WORK ITEM
The answer must consist solely of the lines from the line with "Alugar Apartamento /" to the end of the data below, transcribed exactly and with no pictures.

DATA EXCERPT

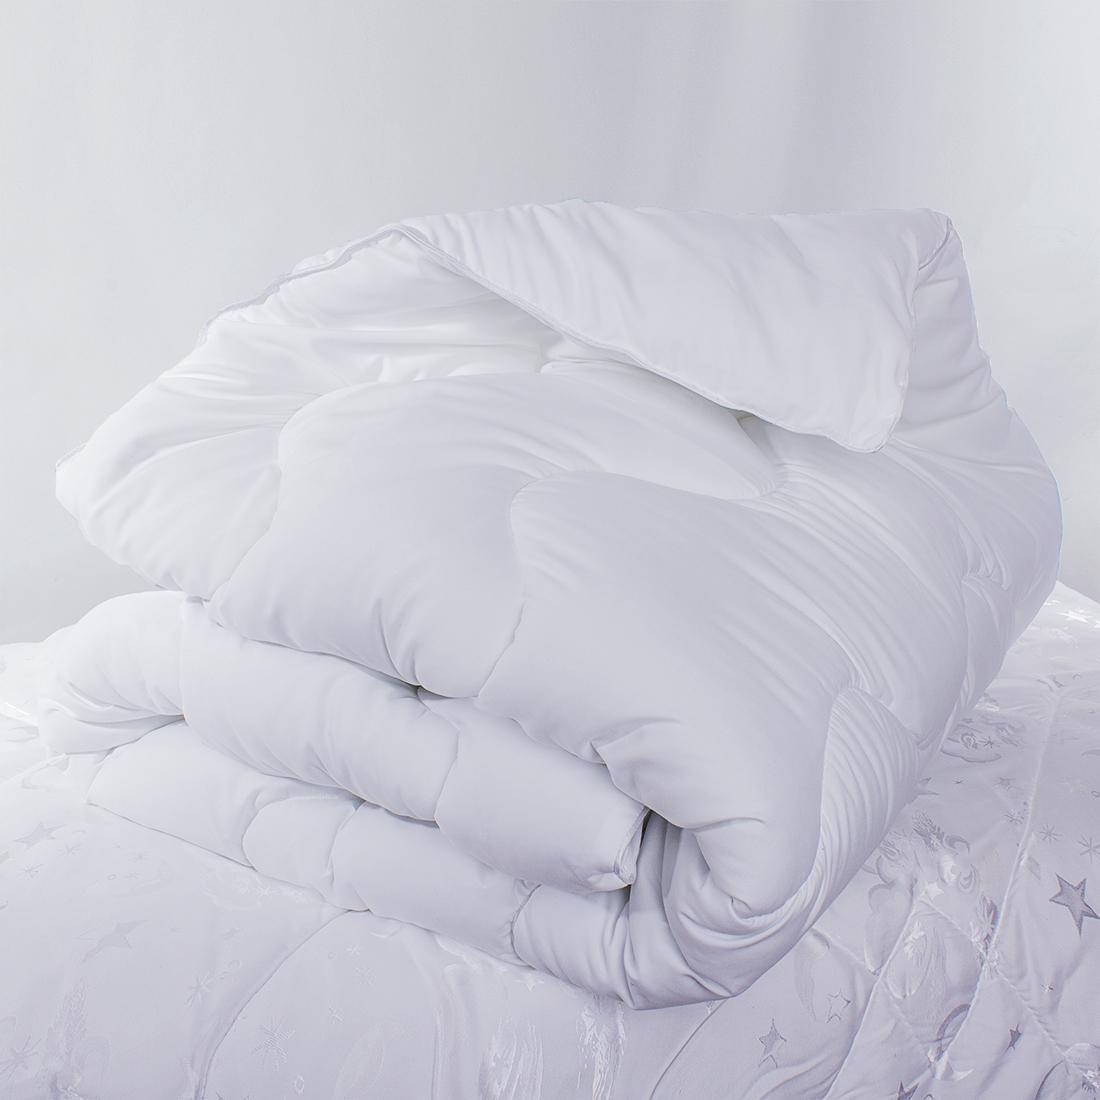 Одеяло «Sleep iX» изготовлено из силиконизированного волокна, полученного из тонких волокон полиэфира, обработанных силиконом. Наполнитель AirFluff толщиной всего 3 денье, потому очень податливый: в подушках упругий, а в одеялах - воздушный и легкий. Уникальная стежка AirFlex продлевает срок службы изделия, поддерживая наполнитель изнутри, а также придает одеялу необычайную пышность, благодаря чему тепло удерживается гораздо лучше, чем в стеганых одеялах или прошитых на многоигольной машине.Материал чехла MicroSkin - это гладкая и шелковистая ткань с легким блеском, по своему виду не уступающая натуральному хлопку. Кант делают из атласа или вискозы, он помогает изделию держать форму в течение многих лет. Кант есть на многих объемных изделиях из текстиля, иногда его могут дополнительно прострочить по периметру или сделать широким.
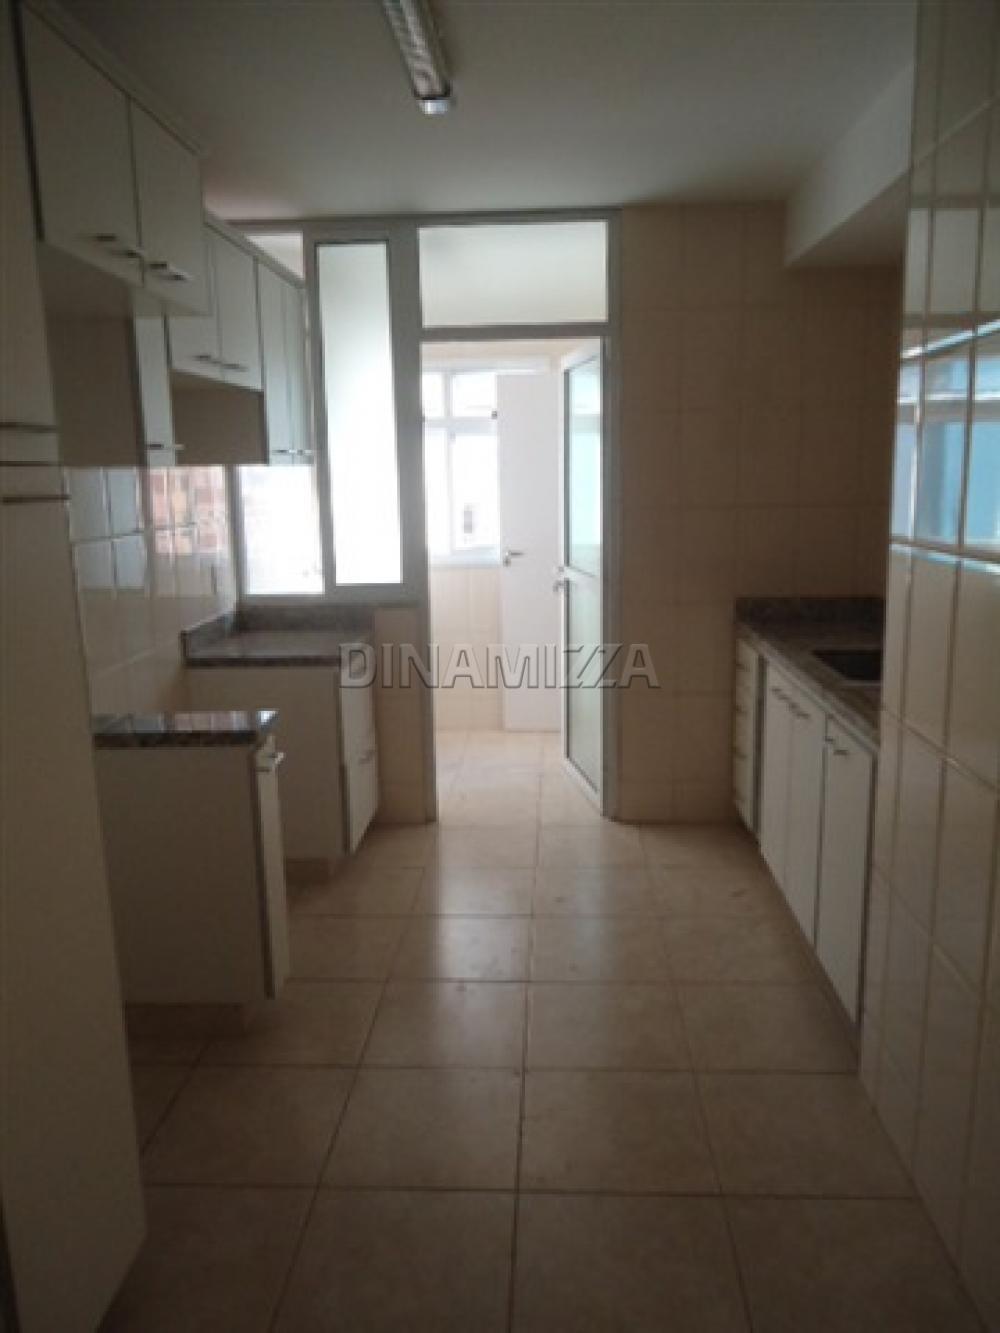 Alugar Apartamento / Padrão em Uberaba apenas R$ 1.200,00 - Foto 9
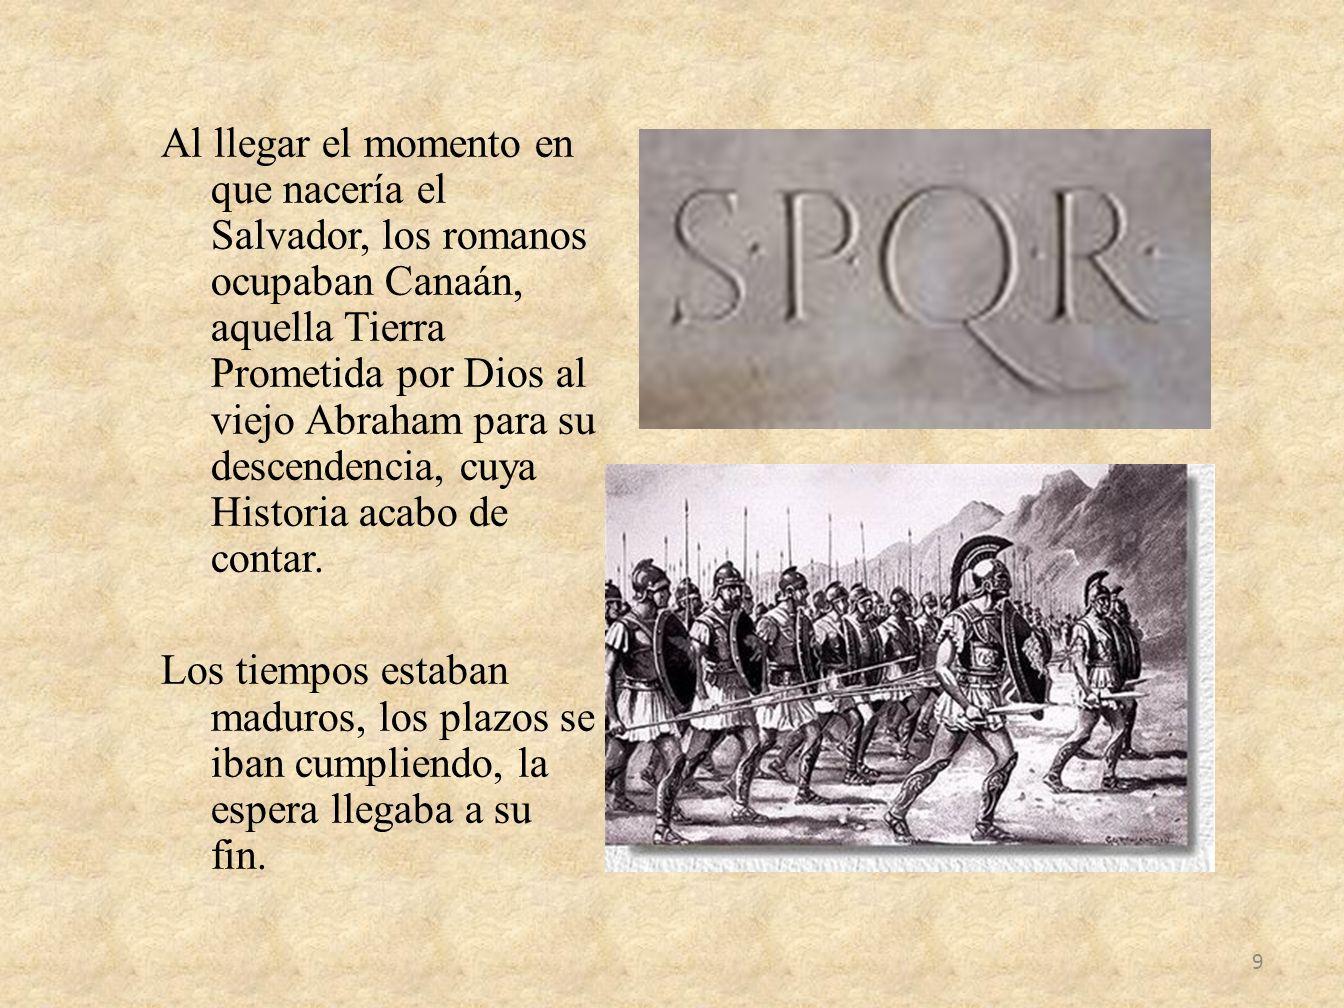 Al llegar el momento en que nacería el Salvador, los romanos ocupaban Canaán, aquella Tierra Prometida por Dios al viejo Abraham para su descendencia, cuya Historia acabo de contar.

RESPONSE TO THIS EXERCISE
 Alugar Apartamento / Padrão em Uberaba apenas R$ 1.200,00 - Foto 9
 Al llegar el momento en que nacería el Salvador, los romanos ocupaban Canaán, aquella Tierra Prometida por Dios al viejo Abraham para su descendencia, cuya Historia acabo de contar.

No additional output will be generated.